For high-stakes operations like changing a flight, any AI hallucination is a catastrophic failure. This necessity for 100% accuracy in a complex vertical like travel forced Navan to build its own proprietary, agentic AI platform rather than relying on external models which could result in customer loss and lawsuits.
The inconsistency and 'laziness' of base LLMs is a major hurdle. The best application-layer companies differentiate themselves not by just wrapping a model, but by building a complex harness that ensures the right amount of intelligence is reliably applied to a specific user task, creating a defensible product.
Fully autonomous agents are not yet reliable for complex production use cases because accuracy collapses when chaining multiple probabilistic steps. Zapier's CEO recommends a hybrid "agentic workflow" approach: embed a single, decisive agent within an otherwise deterministic, structured workflow to ensure reliability while still leveraging LLM intelligence.
For specialized, high-stakes tasks like insurance underwriting, enterprises will favor smaller, on-prem models fine-tuned on proprietary data. These models can be faster, more accurate, and more secure than general-purpose frontier models, creating a lasting market for custom AI solutions.
Navan's CEO sees the debate over which LLM is best as unimportant because the infrastructure is becoming a commodity. The real value is created in the application layer. Navan's own agentic platform, Cognition, intelligently routes tasks to different models (OpenAI, Anthropic, Google) to get the best result for the job.
For applications in banking, insurance, or healthcare, reliability is paramount. Startups that architect their systems from the ground up to prevent hallucinations will have a fundamental advantage over those trying to incrementally reduce errors in general-purpose models.
Anyone can build a simple "hackathon version" of an AI agent. The real, defensible moat comes from the painstaking engineering work to make the agent reliable enough for mission-critical enterprise use cases. This "schlep" of nailing the edge cases is a barrier that many, including big labs, are unmotivated to cross.
Instead of starting with simple generative AI tasks, Airbnb focused on the most difficult application: resolving urgent customer issues like lockouts. This high-stakes approach allowed them to build a robust agent that can now be applied to less critical, "up-funnel" use cases like travel planning.
Relying solely on natural language prompts like 'always do this' is unreliable for enterprise AI. LLMs struggle with deterministic logic. Salesforce developed 'AgentForce Script,' a dedicated language to enforce rules and ensure consistent, repeatable performance for critical business workflows, blending it with LLM reasoning.

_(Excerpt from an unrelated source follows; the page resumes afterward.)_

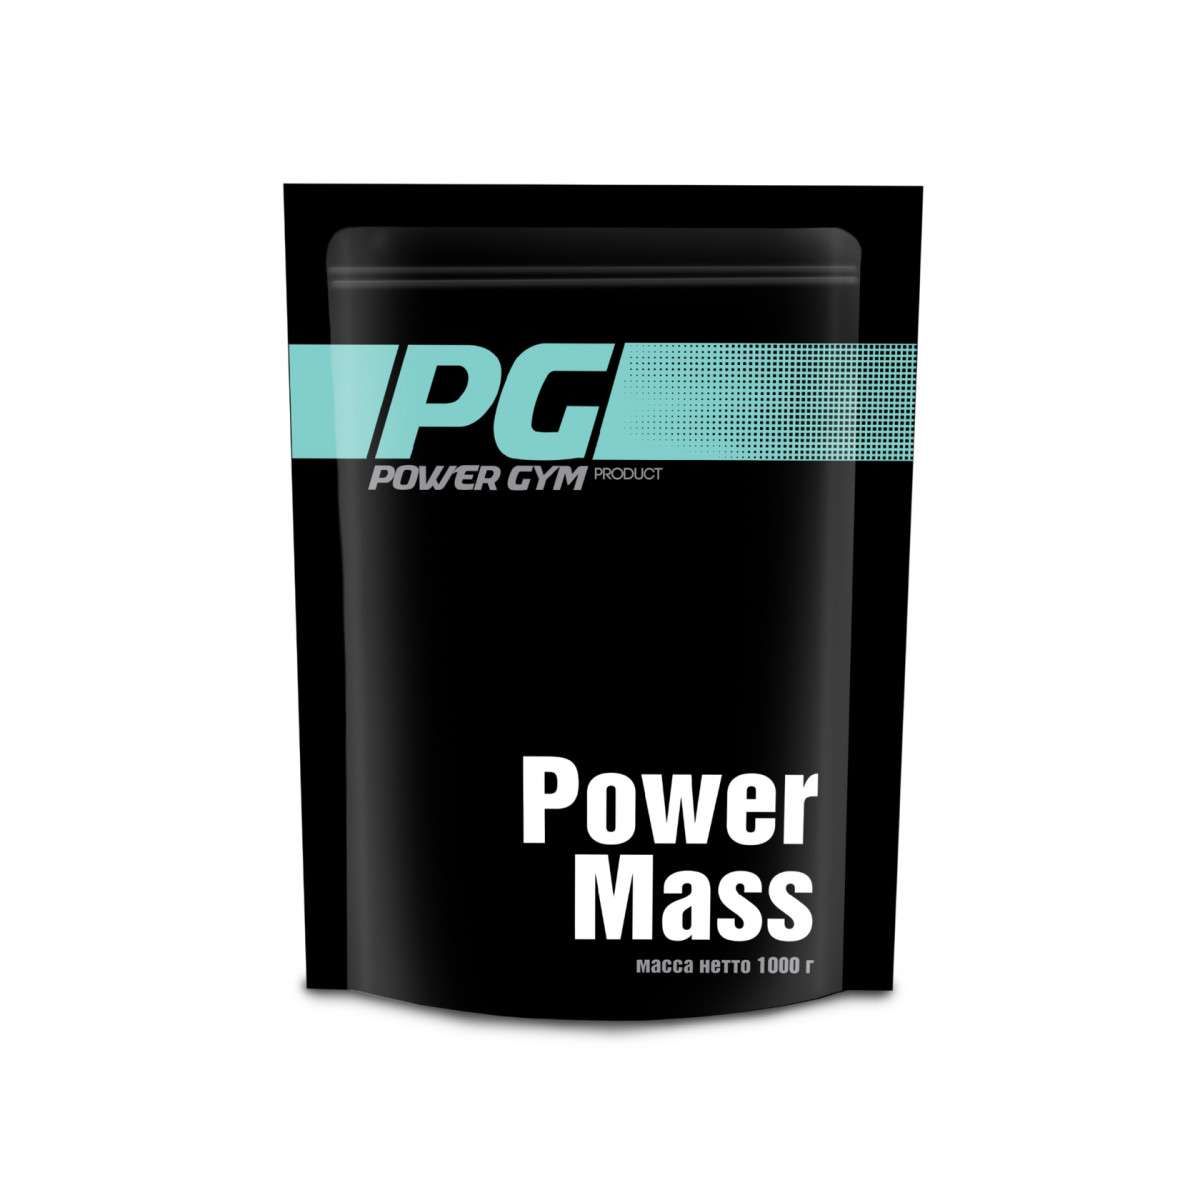 Гейнер Power Gym Product Power Mass (1000 г)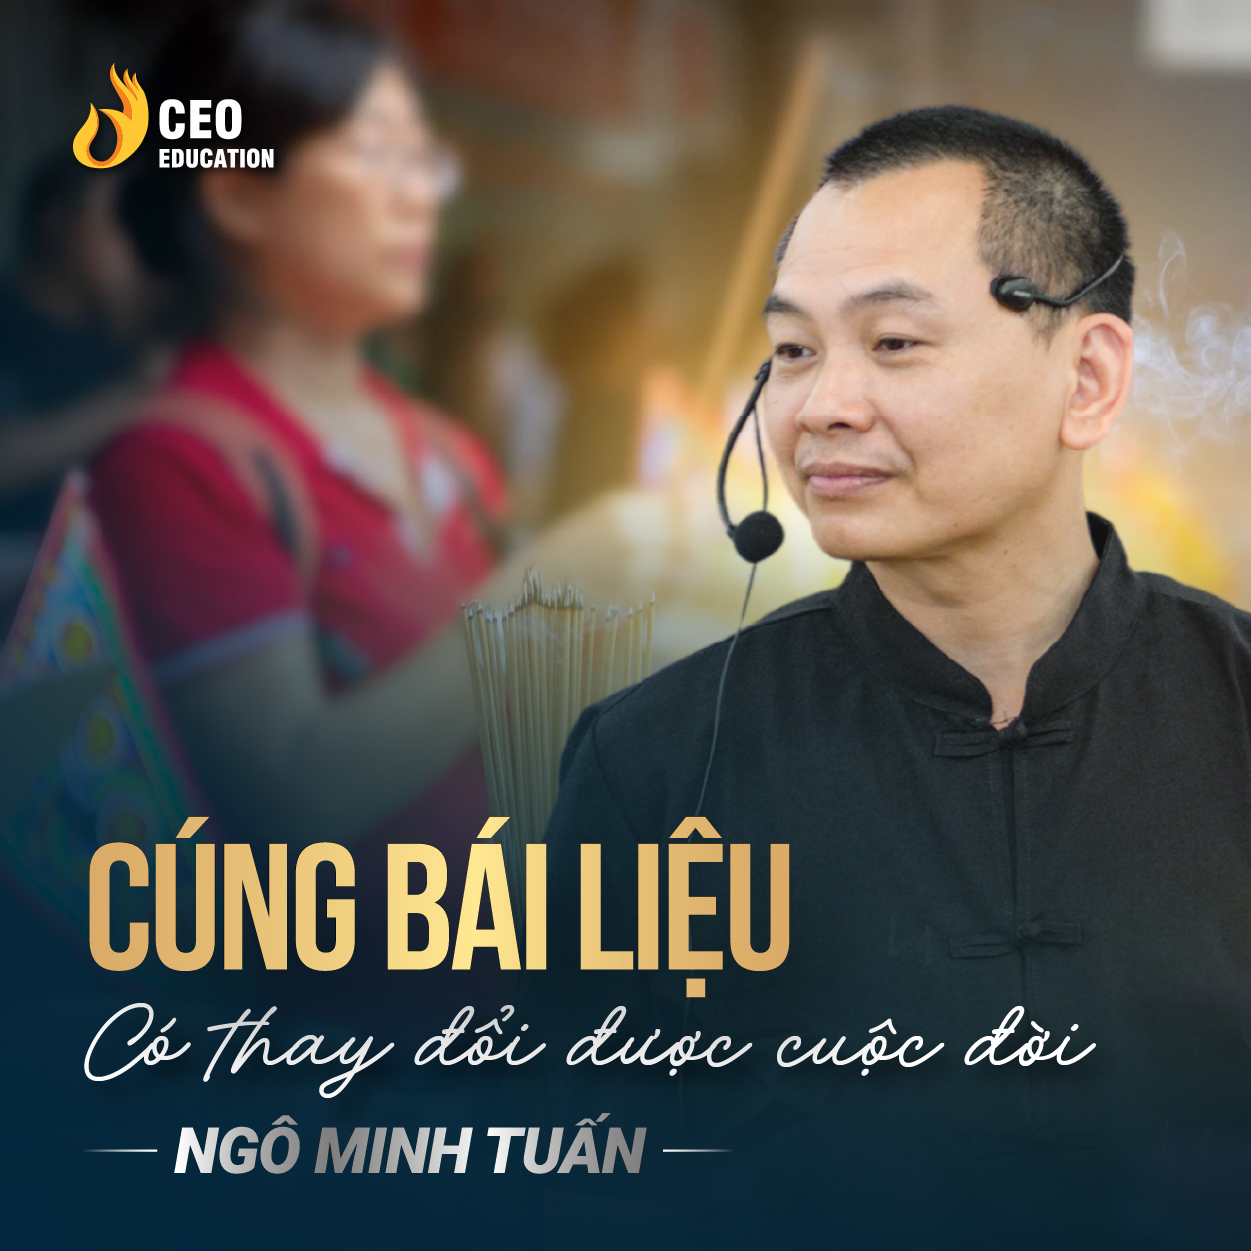 Cúng bái liệu có thay đổi được cuộc đời | Ngô Minh Tuấn | Học Viện CEO Việt Nam

AI agents are simply 'context and actions.' To prevent hallucination and failure, they must be grounded in rich context. This is best provided by a knowledge graph built from the unique data and metadata collected across a platform, creating a powerful, defensible moat.
To prevent AI agents from over-promising or inventing features, you must explicitly define negative constraints. Just as you train them on your capabilities, provide clear boundaries on what your product or service does not do to stop them from making things up to be helpful.